(TASK TO COMPLETE): Copy out each line below verbatim, skipping any picture.

======== GIVEN DATA

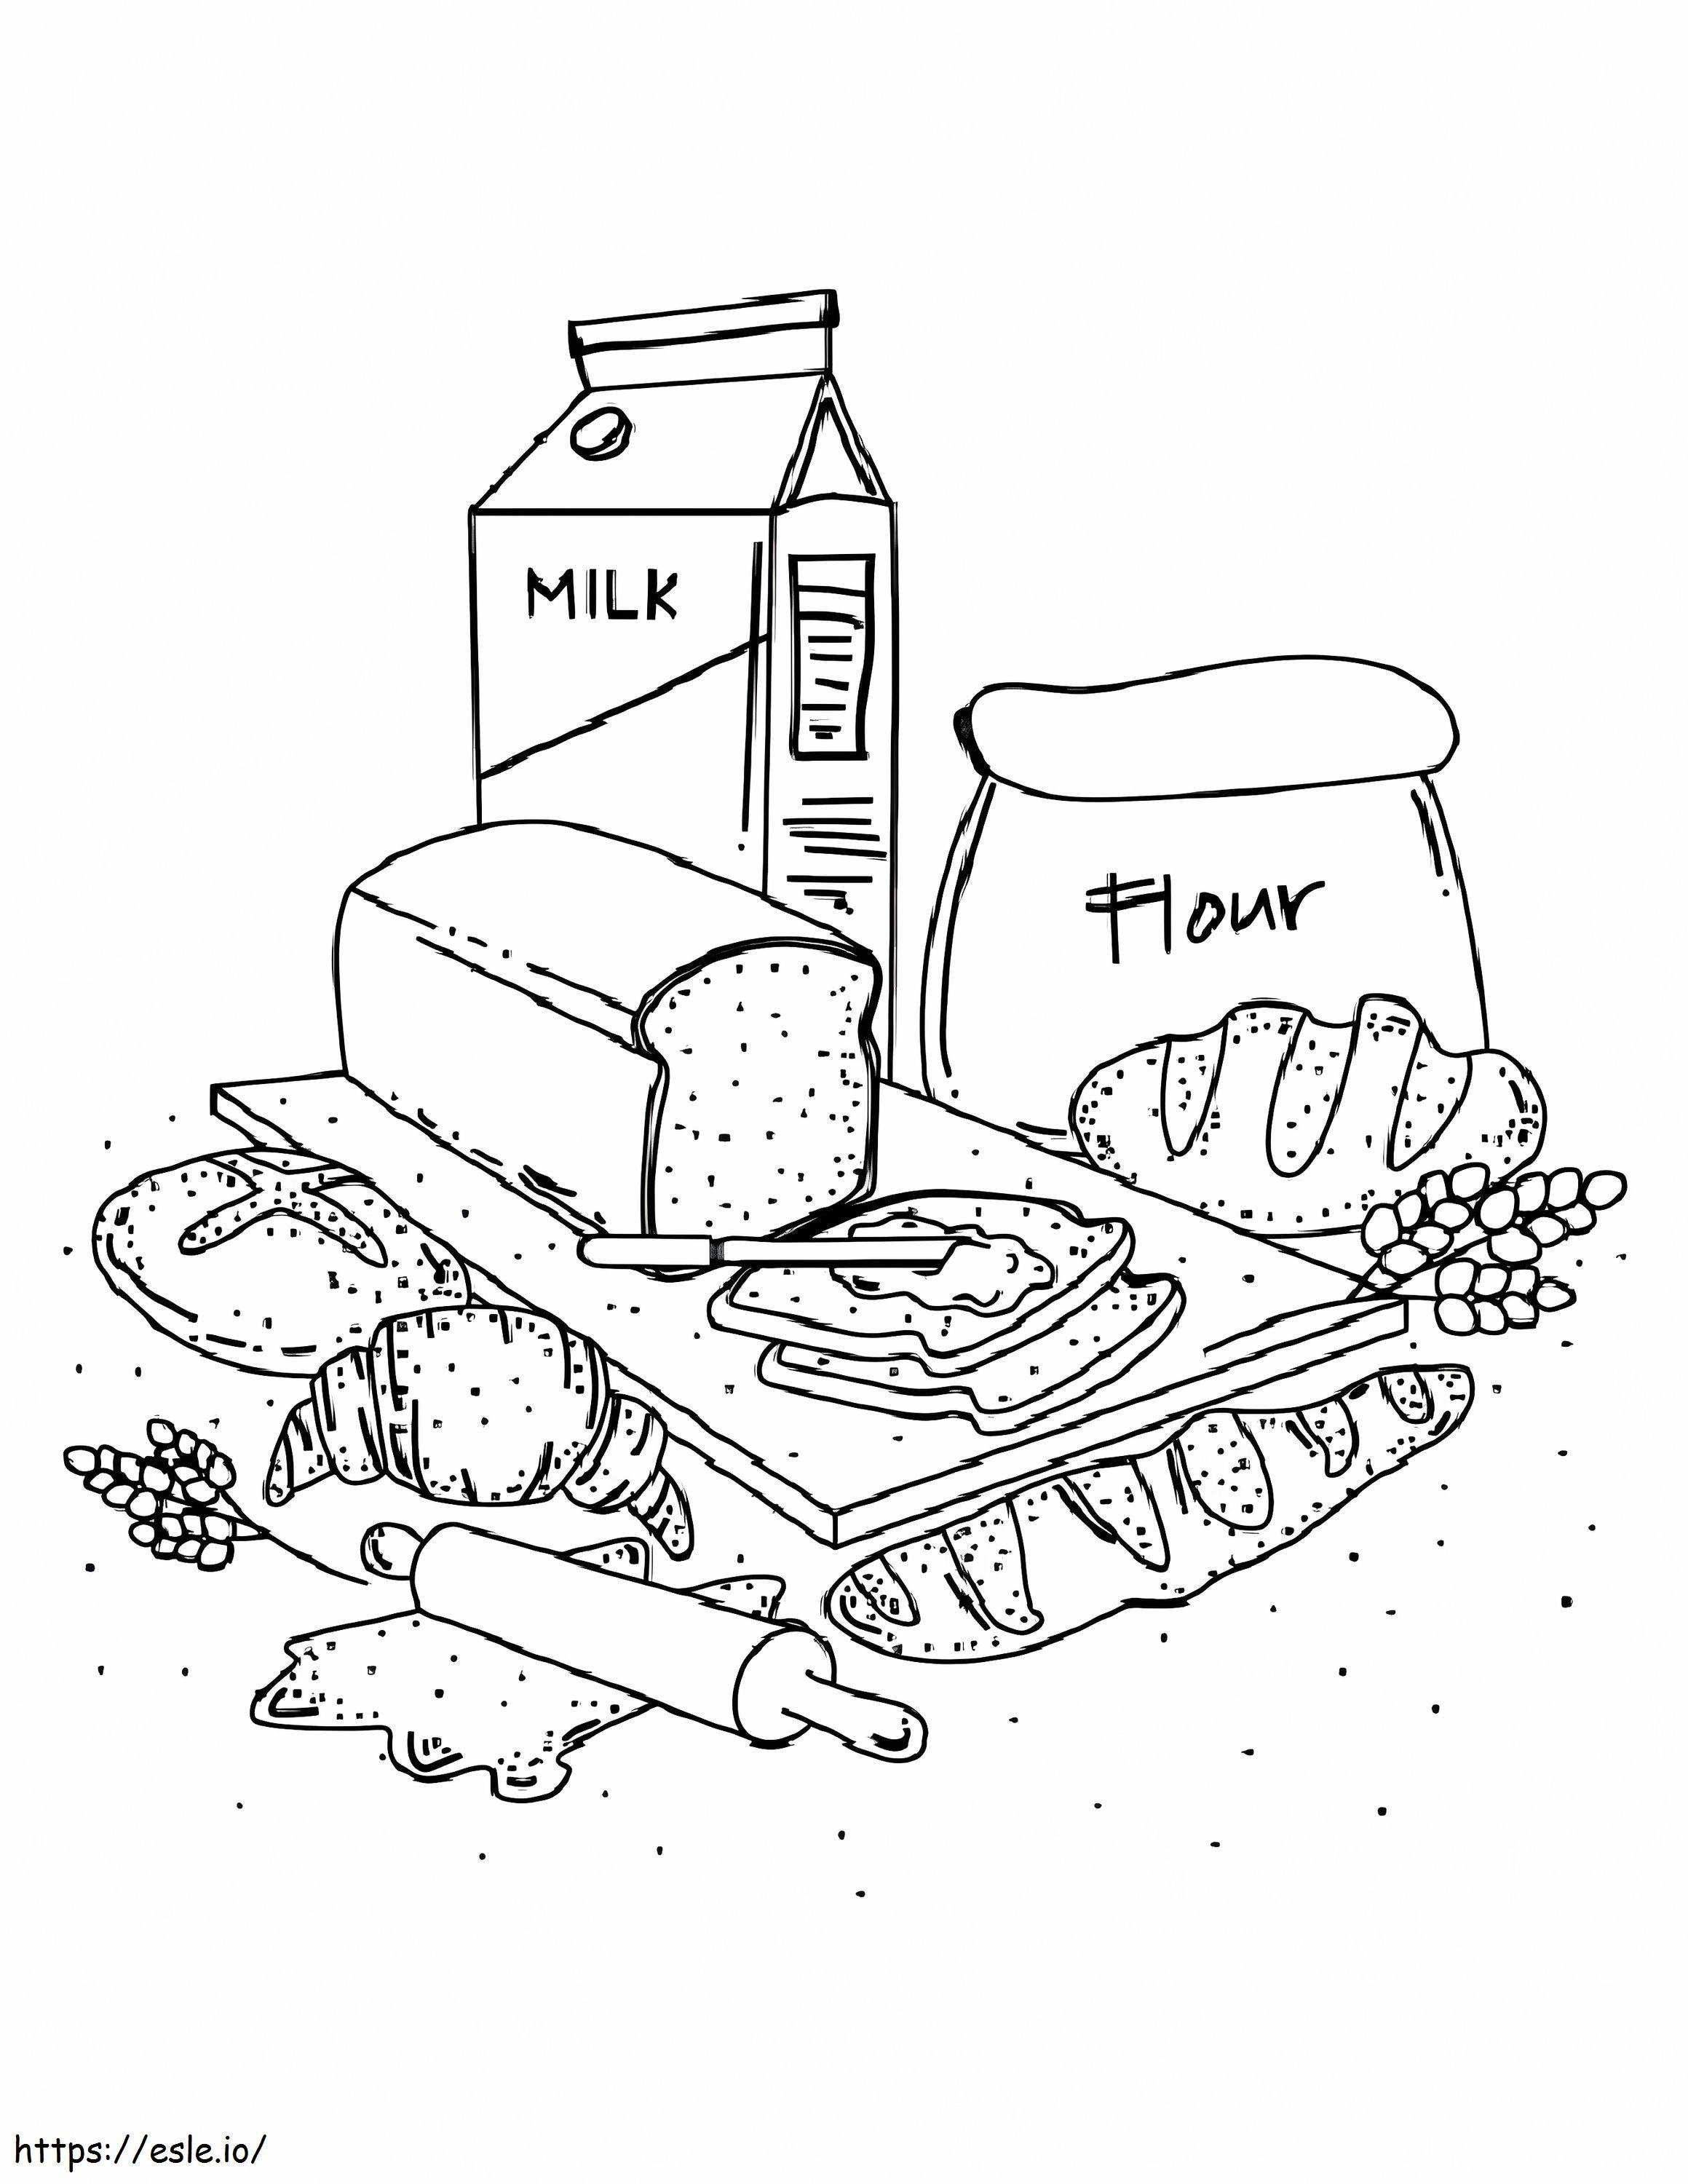 Bread Ingredients coloring page
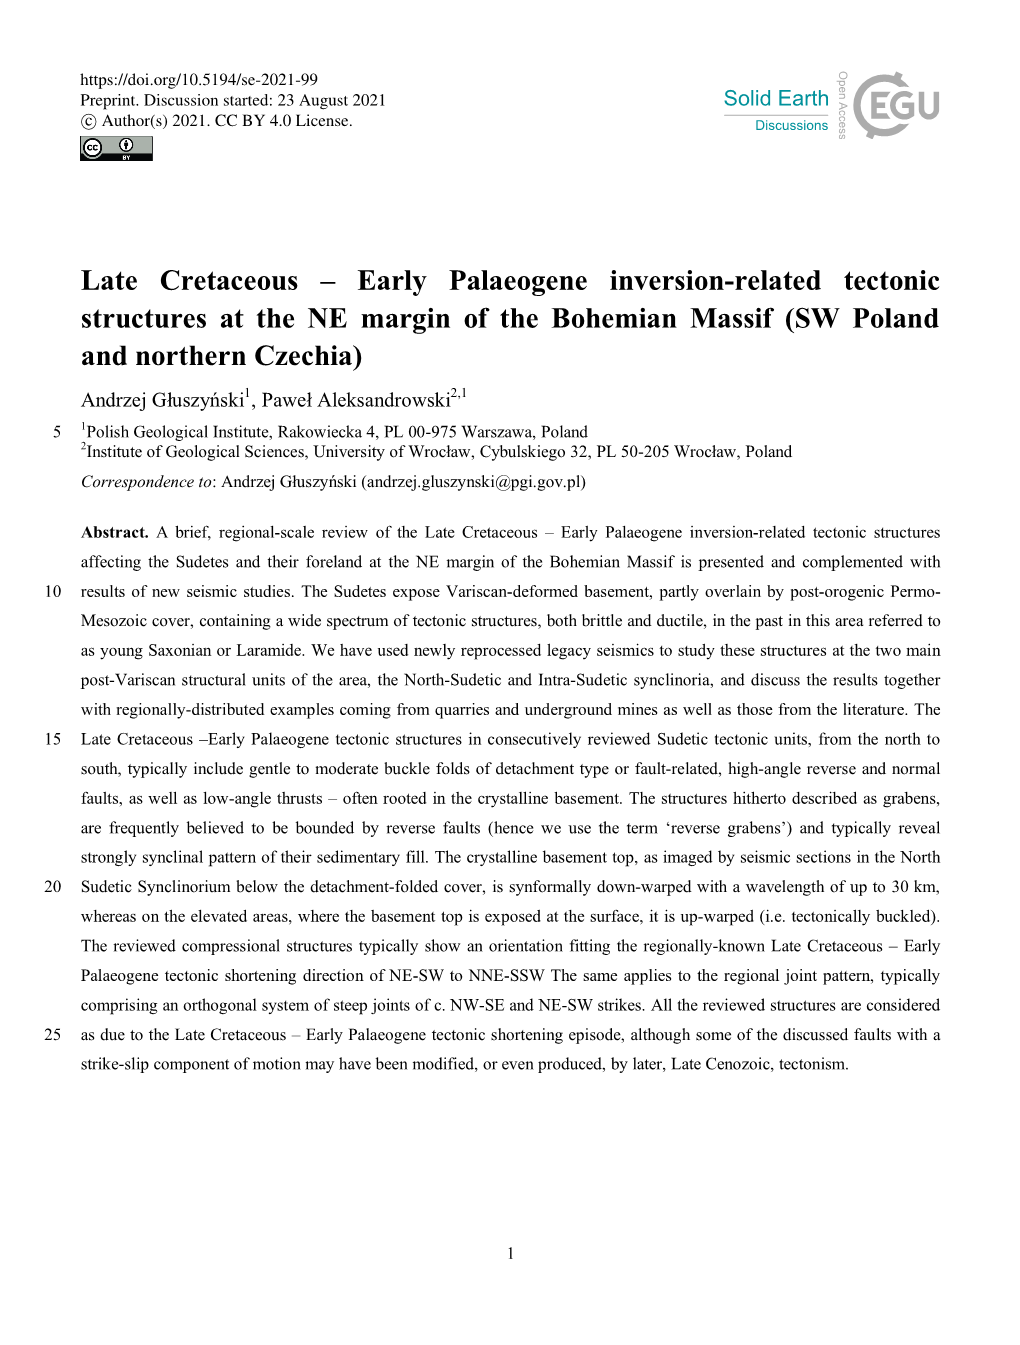 Late Cretaceous – Early Palaeogene Inversion-Related Tectonic Structures
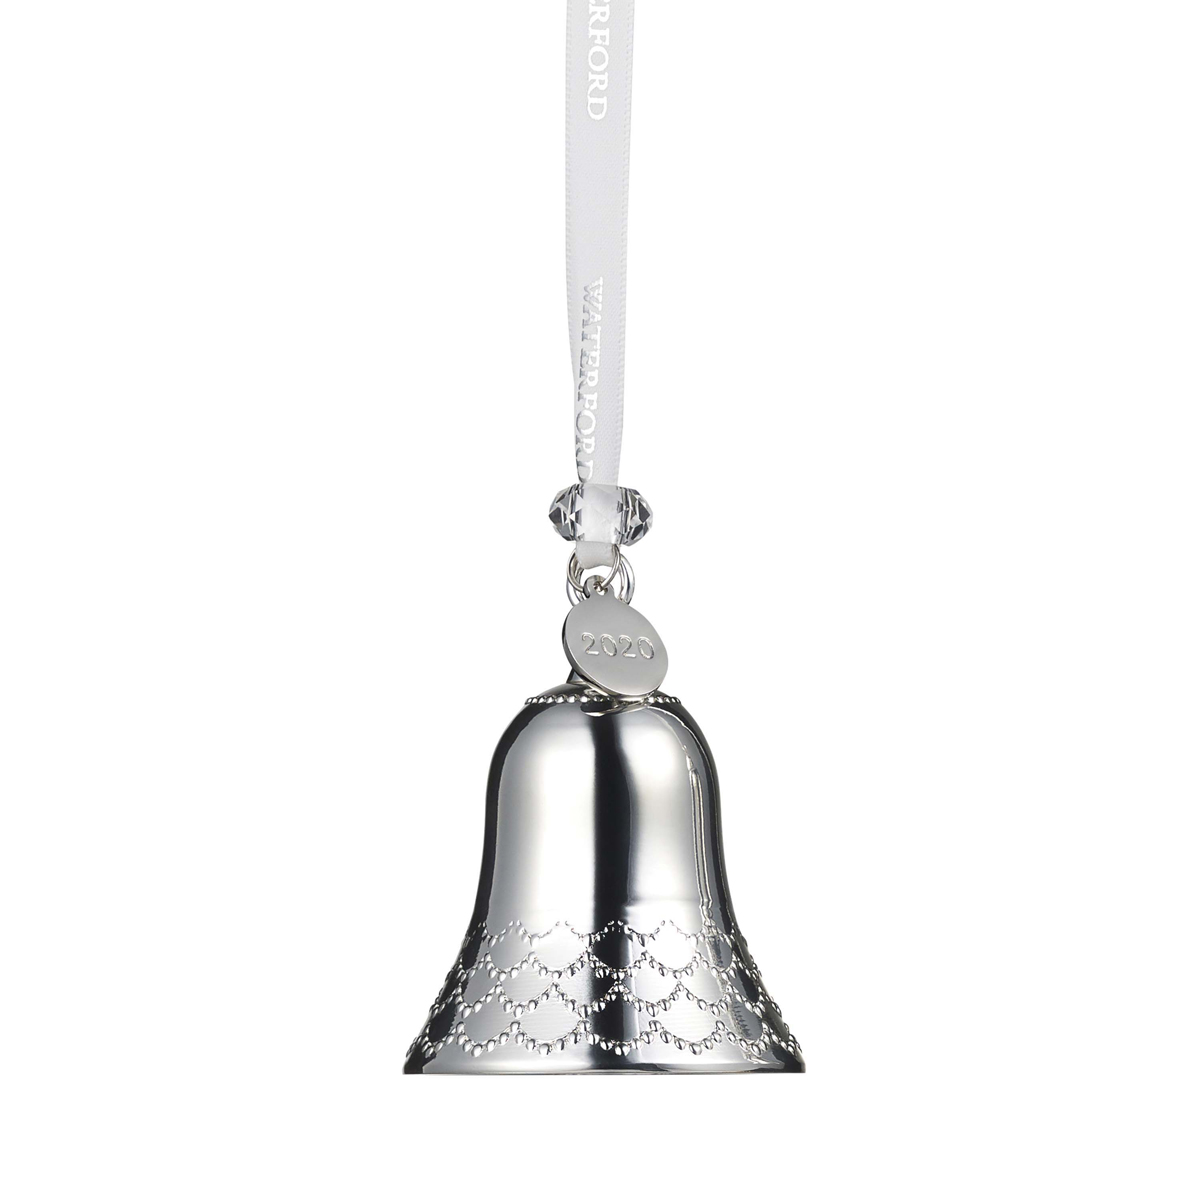 Waterford 2020 Silver Bell Ornament
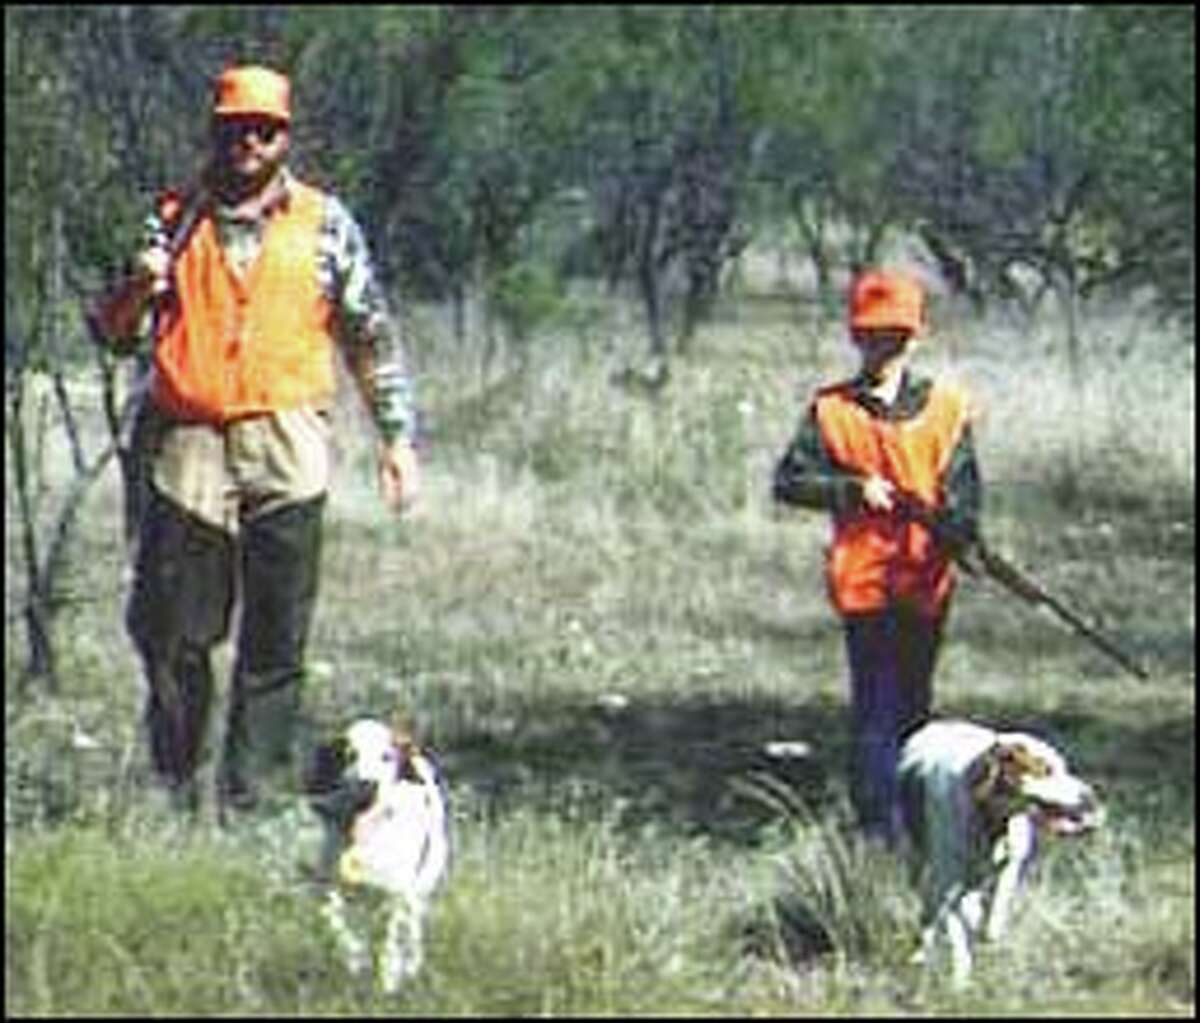 hunter safety education course

================

(WRITTEN REPLY):
 Bread Ingredients coloring page
 Late Cretaceous – Early Palaeogene Inversion-Related Tectonic Structures
 Waterford 2020 Silver Bell Ornament
 hunter safety education course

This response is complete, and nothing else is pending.